My Daily Posting Method
I wrote about what technologies and thought technologies™ I've been using to write a daily post for the last 95 (now 96) days straight.
I'll probably change how I'm doing this soon, but here's a thread/post on the method I've used to write a thread/post every day for the past 95 days.
A weekly newsletter became too much pressure, and I hypothesized that a daily post might relieve that pressure. I was right. 👇
The key thing about a daily post is that it needs to take as little time as possible. I experience great difficulty providing constraints for myself, so "I post every day" is a pretty blunt weapon to deal with that.
The second constraint I added to this daily post was my own platonic ideal of a Twitter thread, which is 5-12 tweets in length with each tweet able to stand on its own or preserve some meaning outside the context of the thread.

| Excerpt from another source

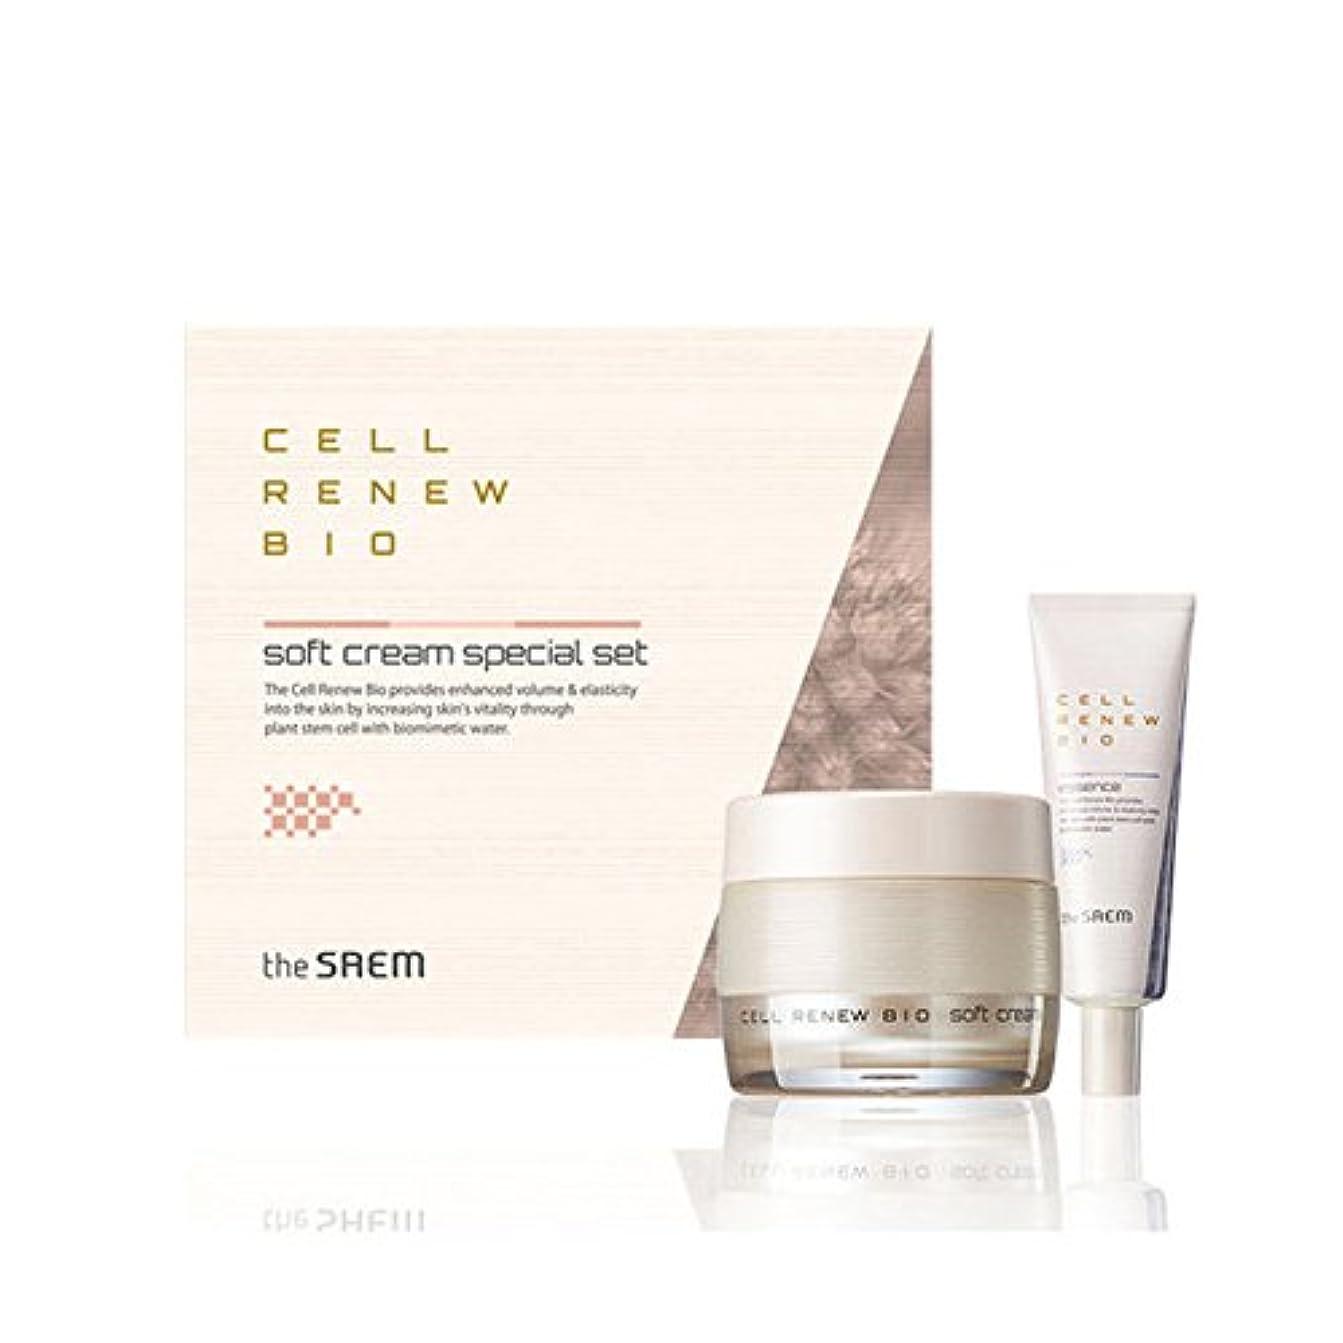 ファンブル熱心灌漑[ザセム] The Saem セルリニュー バイオ クリーム スペシャルセット Cell Renew Bio Cream Special Set (海外直送品) [並行輸入品]

One of the nice things about Twitter is that I don't really care about Twitter. It's not mine. I don't own it or anything I post on it. I'm just a shivering denizen of this hell's garden labyrinth. So my perfectionism is somewhat tamed.
While I usually write the post first thing, I'm not precious about it. There's nothing precious about it. If I need to throw the post together in 15 minutes before bed, I will. It's important to me that I do it simultaneously for NO GOOD REASON and EVERY REASON.
I have a bunch of little snippets and slips of ideas in Roam Research and I just grab one or whatever is top of mind and see what happens when I write the first line. Often, this is enough to break open a bunch of doors in my brain and I discover a bunch of stuff I want to write.
Using @dvargas92495's RoamJS Twitter extension, I type the whole thread/post in Roam, watching my character counts, which keep me constrained, but they also take a lot of time wordsmithing and character-cutting. I'll probably drop the thread crutch eventually.
Then I post.
I haven't read through these first 95 posts but I imagine they will become fodder for more daily posts.
This practice might eclipse meditation and exercise (which I've also done 96 days in a row) as the best thing I've ever done for my mental health.
It's done other things too.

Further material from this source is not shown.